_YOUR ASSIGNMENT:_
Here the job is to transcribe the data exactly while omitting the images.

_SOURCE DATA:_
+---+
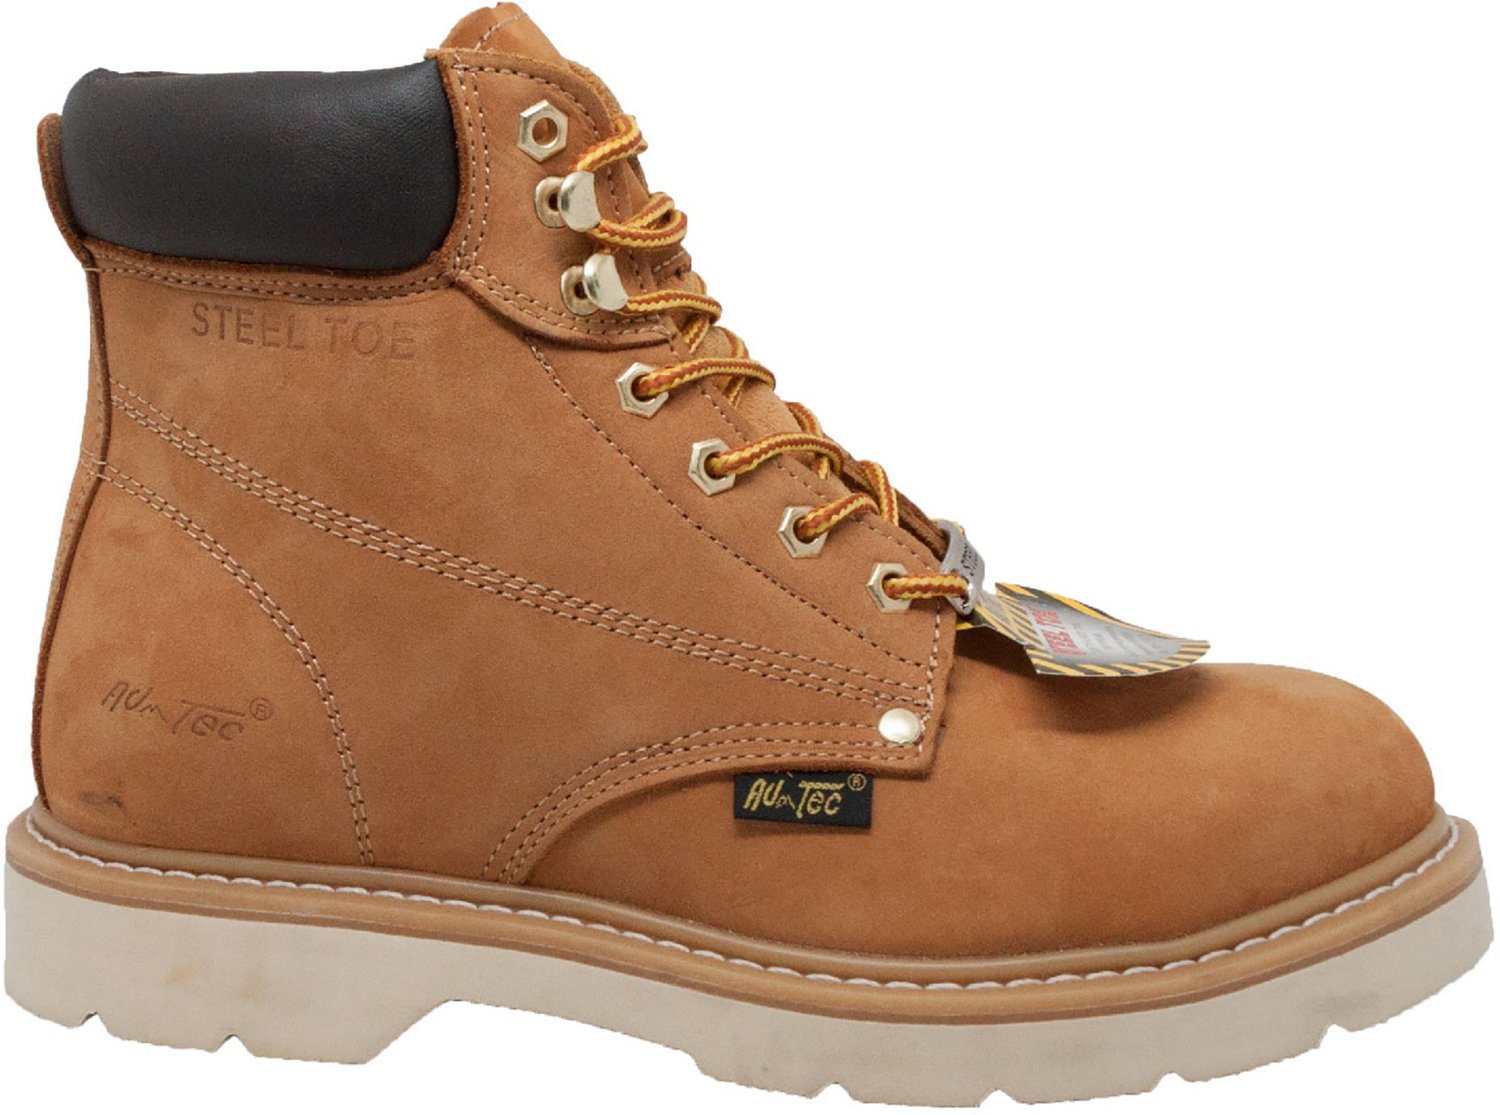 AdTec Men's Steel Toe Work Boots | Free Shipping at Academy
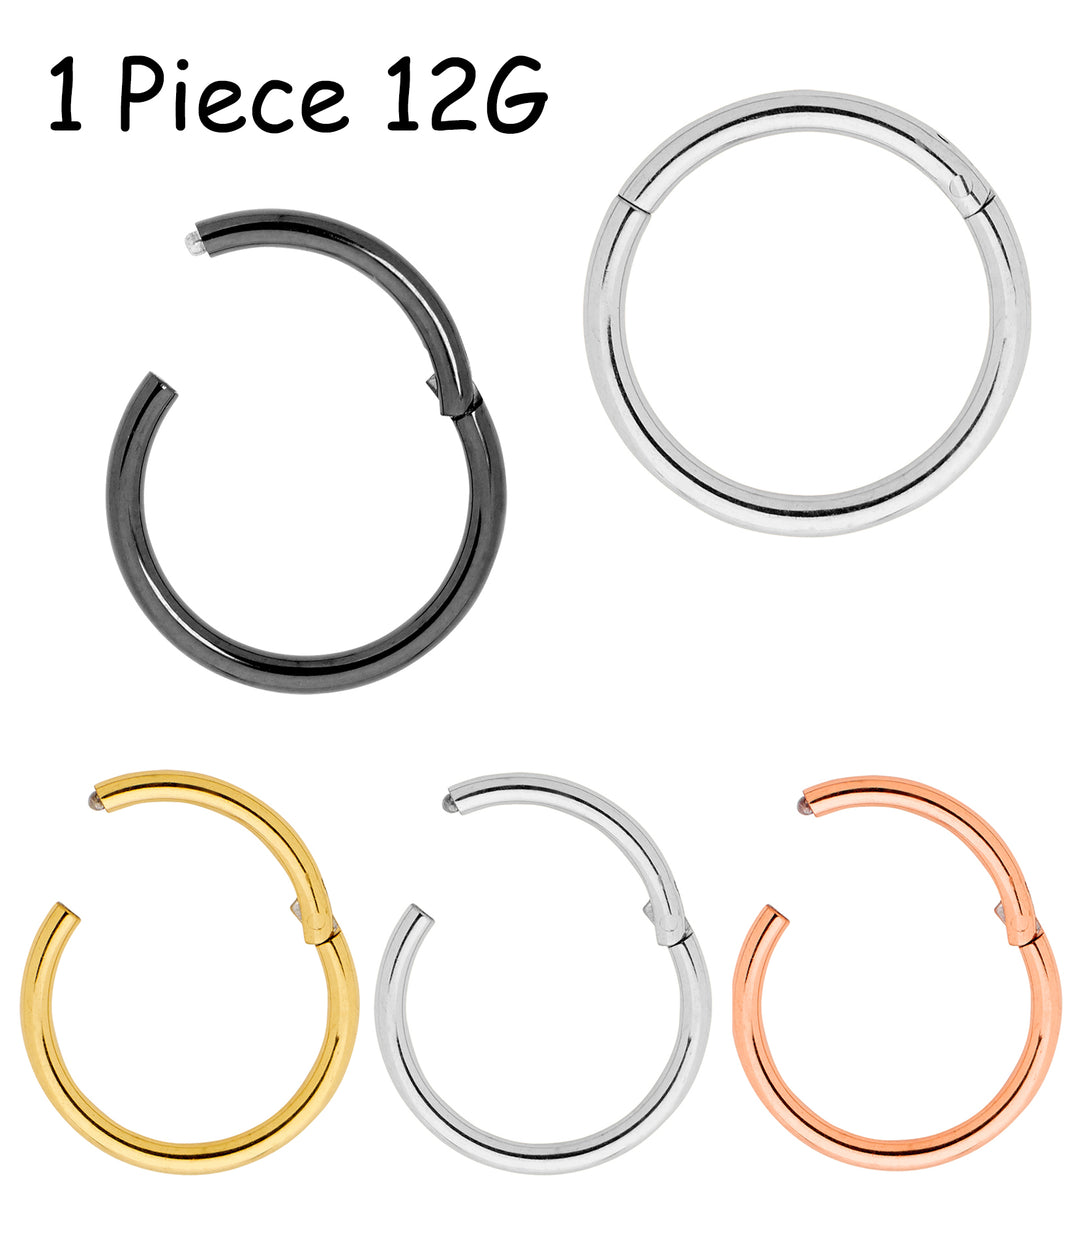 1 Piece 12G Stainless Steel Polished Hinged Hoop Segment Nose Ring Earring 10mm – 18mm
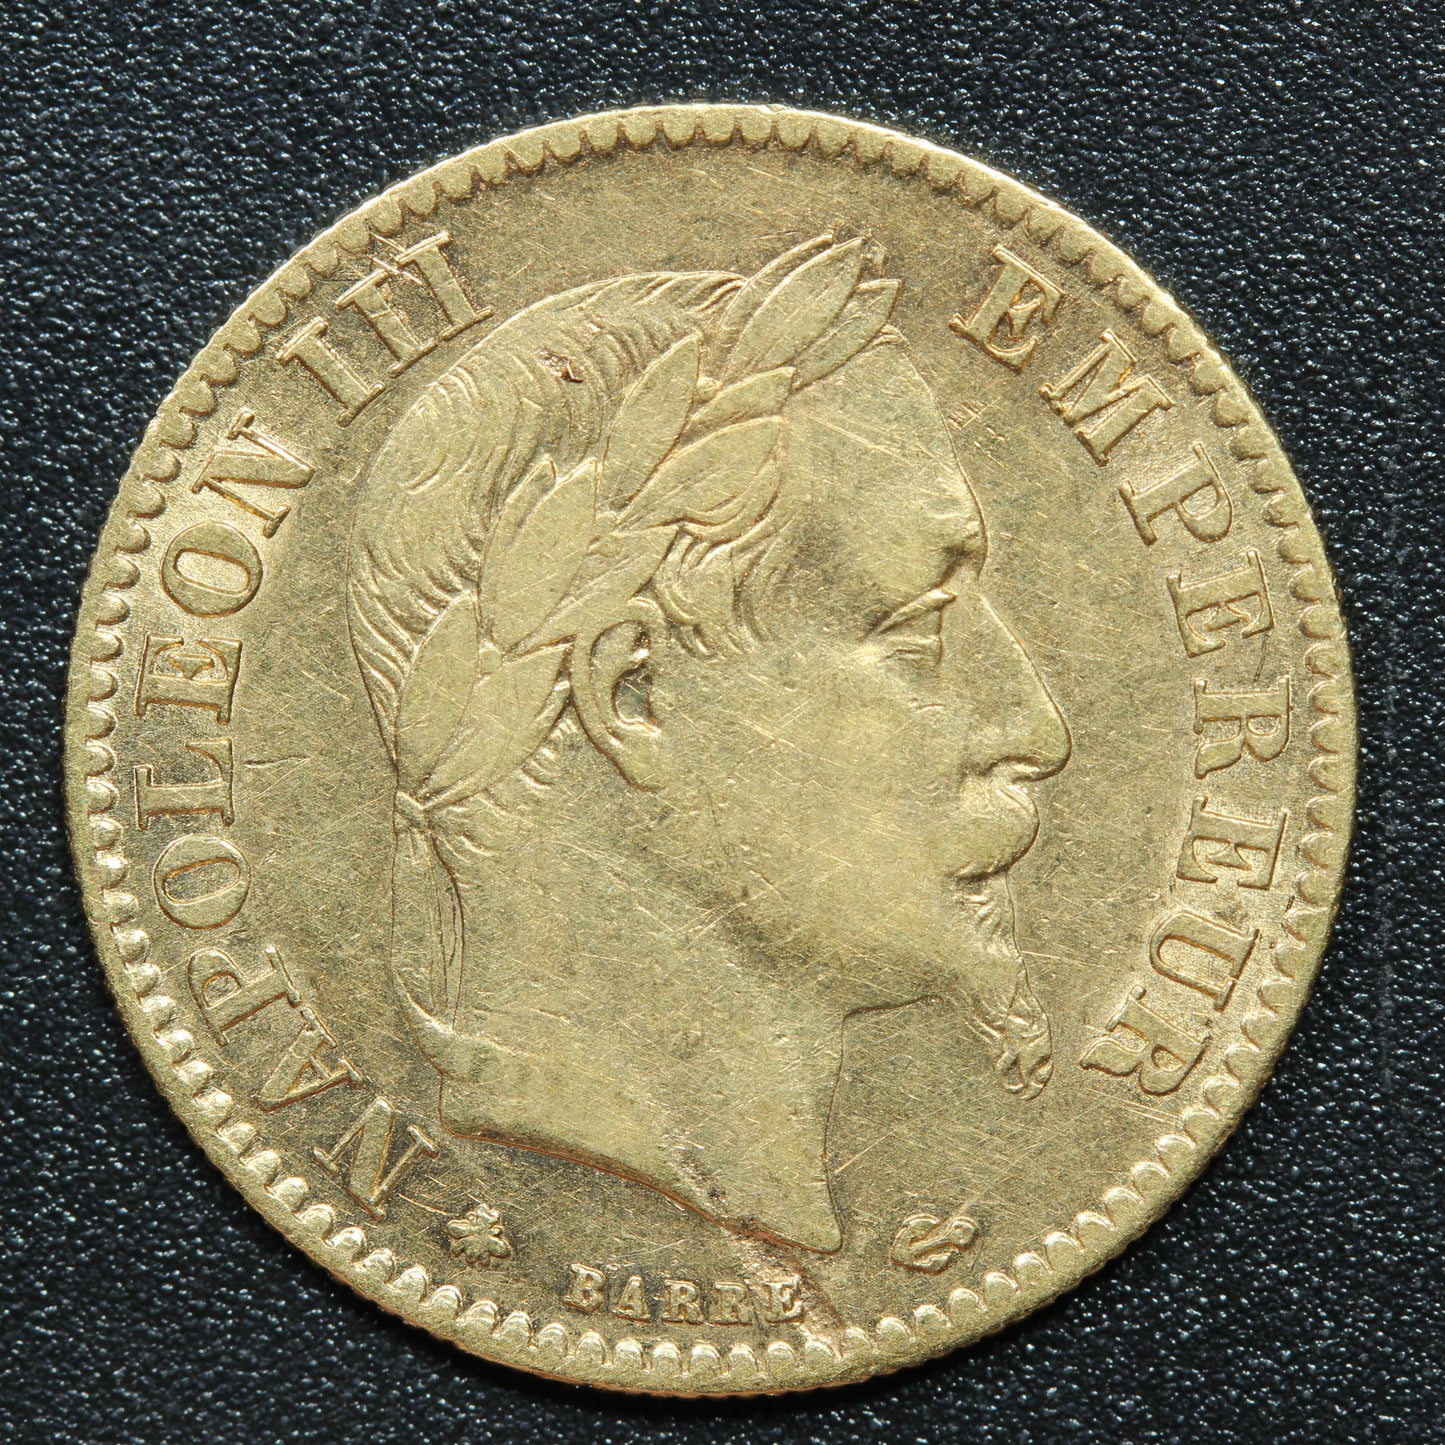 1864 A French Gold 10 Francs NAPOLEON III - KM#800.1
+---+
_TASK OUTPUT:_
 AdTec Men's Steel Toe Work Boots | Free Shipping at Academy
 1 Piece 12G Stainless Steel Polished Hinged Hoop Segment Nose Ring Earring 10mm – 18mm
 1864 A French Gold 10 Francs NAPOLEON III - KM#800.1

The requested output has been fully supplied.